This is a darn good opinion by Judge Langhorne (sitting by designation from Napa County). Well done.
Kimiko Wilson gets convicted of murder and sentenced to life in prison. He might have been the actual shooter, or, perhaps, a different guy named Rauls might have been the shooter and Wilson merely guilty as a major participant aider and abettor; the prosecution argued both theories at trial. What we know is that the jury (1) found Wilson guilty of murder, and (2) was hung -- and hence didn't reach a verdict -- on the personal use enhancement. Which pretty much by definition means that everyone on the jury thought that Wilson was guilty, but some of 'em thought he was the actual shooter and some of 'em didn't. But that didn't matter given aider and abettor liability at the time.
Fast forward to the present day. Now it does matter. Because people who (in situations like this) are not the actual shooter can file a petition to be potentially resentenced.
So Mr. Wilson files precisely such a petition. But the trial court says, sorry, you were the actual shooter, beyond a reasonable doubt, so you're not eligible for relief.
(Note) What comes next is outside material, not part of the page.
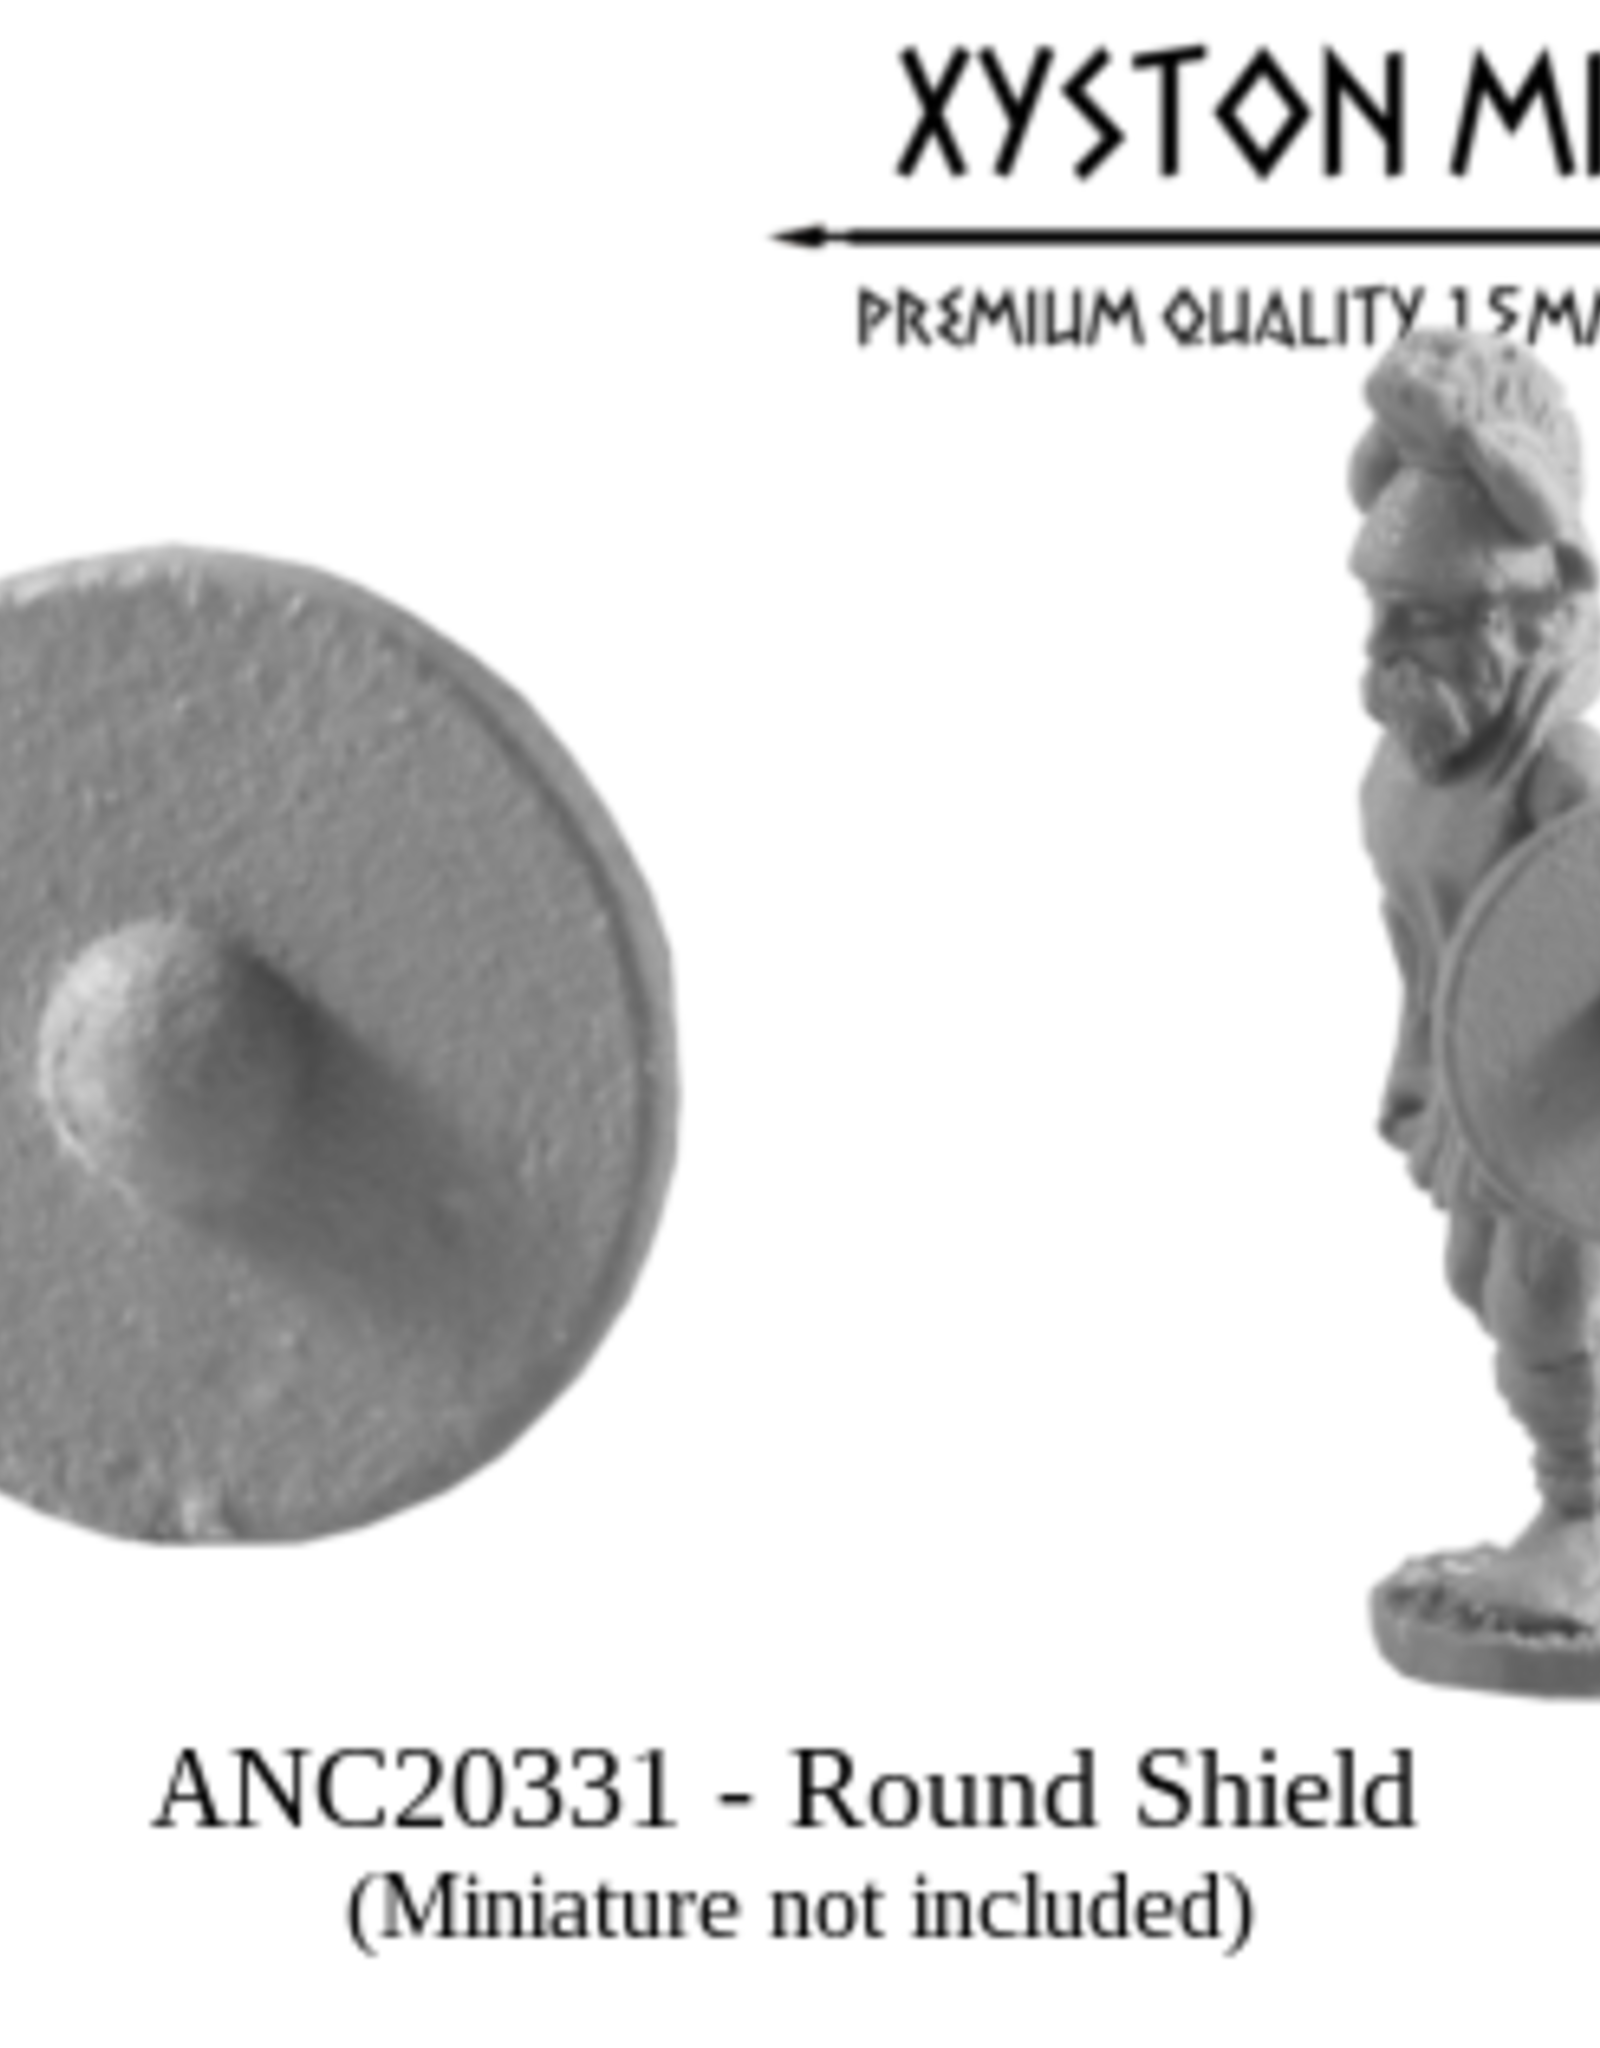 Xyston ANC20331 - Round Shield (24)

At which point Mr. Wilson's lawyer says: "Hold on. Clearly the jury didn't think that, because they were hung on the personal use enhancement. You can't find something true beyond a reasonable doubt that conflicts with what the jury found. Precedent."
But Judge Langhorne is right. It'd be one thing if the jury found the personal use enhancement not true. A judge in a subsequent resentencing petition couldn't disagree and conclude otherwise. But that's not what the jury here found. It instead found nothing. It was hung. Some thought one way, some another.
That's not issue preclusion. A term that Judge Langhorne doesn't apply, but is essentially the relevant doctrine. When the jury doesn't decide something, then there's no binding finding, so the court can decide on its own.
Which is precisely what the trial judge did here. She reviewed the evidence and concluded, beyond a reasonable doubt, that Mr. Wilson was the actual shooter. End of story. As long as that finding has some substantial evidence behind it -- and it clearly does -- no reversal on appeal. No resentencing.
Totally right.
What struck me most about the case, however, was that, here, the trial judge on the resentencing petition was the original judge at Mr. Wilson's trial. Which, of course, makes sense. She was already at the trial and heard all the witnesses testify, and probably has a super good recollection of the thing. She's in a great position to decide whether Mr. Wilson was, in fact, the actual shooter. And her findings about credibility and the like are, quite rightly, given tons of deference on appeal.
That's great when the original trial judge is still around. But what do you do when the original judge has retired, or died, or otherwise unavailable? That's a toughie. Because, at that point, its not enough for the judge to merely review the trial transcript and the like. Sure, that'll set for the various evidence as well as the competing positions of the parties, and sometimes that'll perhaps be enough; e.g., if everyone at the trial agreed on what happened and the only issue was one of, say, mistaken identity.
But in cases like this one, that wasn't the fight. There was some testimony at trial that Wilson was the shooter, and contrary testimony that Rauls was the shooter. Simply reading the transcript doesn't enable a judge to decide who's telling the truth, or which side is right. For that, you'll need live evidence and live witnesses. Some of whom, in the interim, may have died, become unavailable, forgotten stuff, etc.
What do you do then? The alternatives there are a trial on the papers (totally lame) or a trial based upon the tiny smidgeon of live evidence still available (also totally lame).
In short, how are we supposed to get accurate findings when the original trial judge isn't available, or (God forbid) has largely forgotten the whole thing?
Seems tough.
Not at issue here, of course. Happily, here, the trial judge is still alive.
Still. Other cases: Not so easy. At all.